# Carbon Fenders road legal



## zenwahwong56 (Jan 5, 2010)

Hello all,

Just wondering if Carbon Fenders are road legal? As they do stick out a bit and could take some people legs out.


----------



## Marky_GTSt (Dec 31, 2005)

Would this be in the UK ?

Might be worth asking an MOT tester if its the UK.


----------



## MIKEGTR (Jul 8, 2005)

As you're using the word fenders rather than bumpers, i suspect you're from USA or the like, no reason by carbon wouldn't be legal if common sense is applied


----------



## zenwahwong56 (Jan 5, 2010)

Sorry guys should have been more clear.

I'm from the UK, and my car will have a MOT soon, so wantted to know if the bumper, which has carbon scoop things on each side to aid down force would be ilegal.

I assumed these are called Fenders, sorry for mis information.


----------



## Marky_GTSt (Dec 31, 2005)

unless they are like the centre hub swords used on roman chariots I suspect you will be fine...

Do the stick out any further than the body ?
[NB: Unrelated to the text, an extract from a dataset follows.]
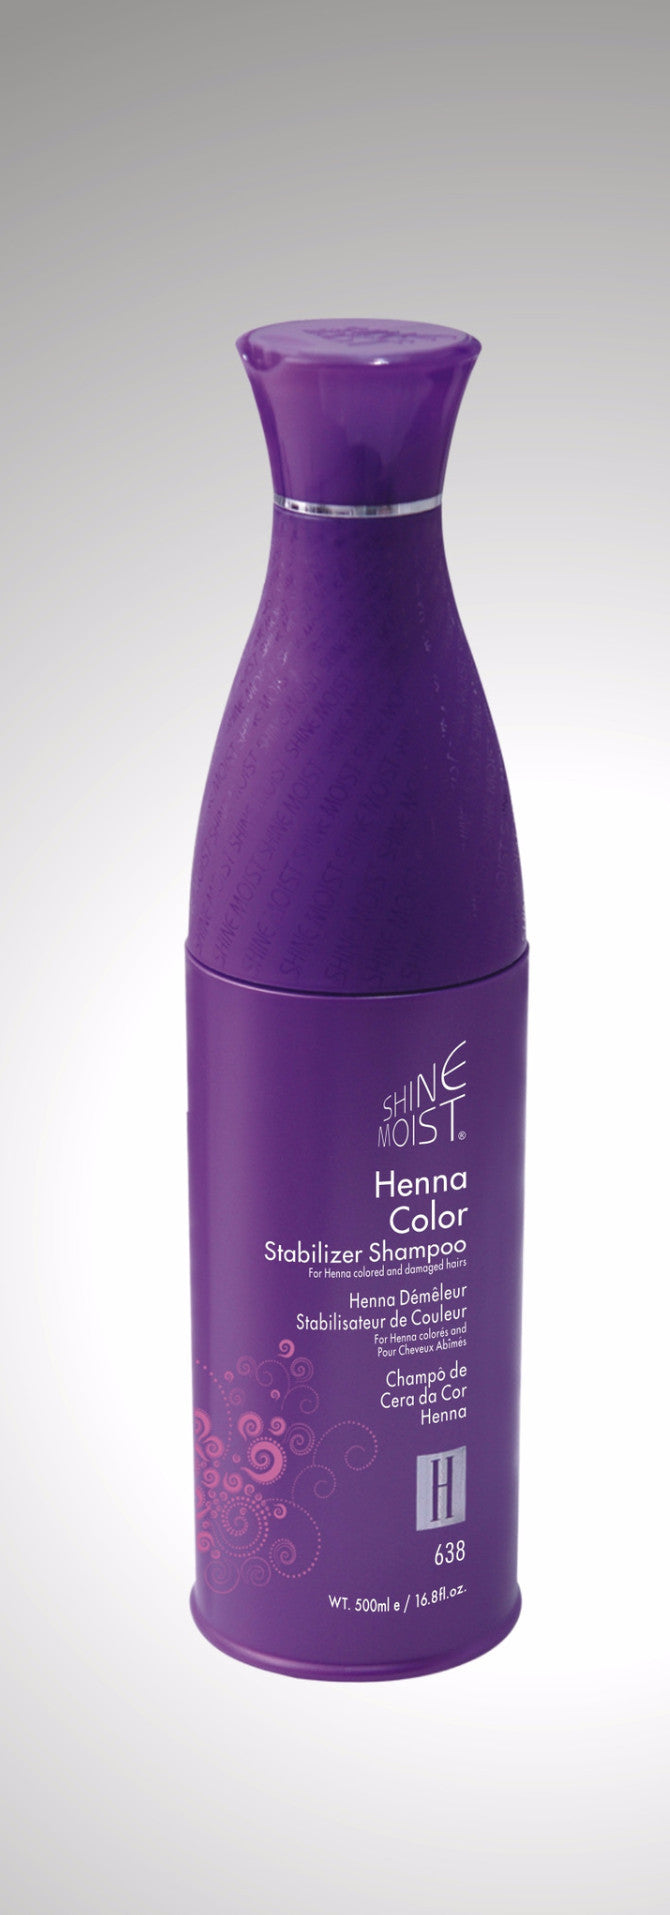 Shine Moist Henna Color Stabilizer Shampoo

or even better, Throw a piccy up so we can have a good look at them


----------



## lightspeed (Jul 11, 2002)

Canards is the word you are looking for.

Not sure about legality but I wouldn't want my kids being hit by a car fitted with them.


----------



## zenwahwong56 (Jan 5, 2010)

Thanks Lightspeed.

Thats the one "Canards", I agree would not want this to hit any one, probably best if I remove them.

Thanks all.


----------



## KM BlackGTR (Mar 17, 2009)

Canards are not road legal in the UK.
They are for race cars not road cars !


----------



## Marky_GTSt (Dec 31, 2005)

KM BlackGTR said:


> Canards are not road legal in the UK.
> They are for race cars not road cars !


How did you find this out ?, I have been looking all over the gov website and couldnt find anything on there about them...


----------



## markpriorgts-t (May 23, 2004)

hmm i was thinking bout adding these to mine, maybe changed my mind now


----------



## Chris956 (Apr 11, 2010)

You can be given a PG9 prohibition for any item that "protrudes from the bodywork" that may cause danger. The front of road cars are made nice and round to comply with the law. So sticking on a non flexible sharp addition may cause you to fall foul of the law.

Edited to add:

Look at page 171 at this link http://www.dft.gov.uk/vosa/repository/Cat of Defects April 08_rev_200608-cjd.pdf

"Any embellishment protruding/ damaged/ insecure (specify component) - Likely to become detached or to cause injury"

Immediate prohibition

This is subject to the inspectors opinion and some will say its dangerous whilst others dont


----------



## markpriorgts-t (May 23, 2004)

glad this came up, wont be getting any of these then


----------



## Chris956 (Apr 11, 2010)

markpriorgts-t said:


> glad this came up, wont be getting any of these then


There are quite a few cars running around with them on these days and I have not seen any posts of people getting pulled for them but you have to subjective about it. Small indescreet ones that dont stick out miles will probably never be seen as a problem but great big add ons like you have just come off the track from Time Attack probably will !


----------



## Kh4rn4ge (Aug 28, 2009)

I have carbon canards fitted to mine and have no issues getting it through an MOT and iv not been pulled yet, touch wood lol :runaway:


----------



## Trev (Nov 1, 2003)

I don't see the point in them anyway - unless you have use of a wind tunnel or are some aerodynamics's expert, the chance of them being effective and not just creating drag is minimal.


----------



## chinaone (Apr 25, 2010)

Zen, keep them on mate, they look the dogs.


----------



## asiasi (Dec 22, 2007)

Trev said:


> I don't see the point in them anyway - unless you have use of a wind tunnel or are some aerodynamics's expert, the chance of them being effective and not just creating drag is minimal.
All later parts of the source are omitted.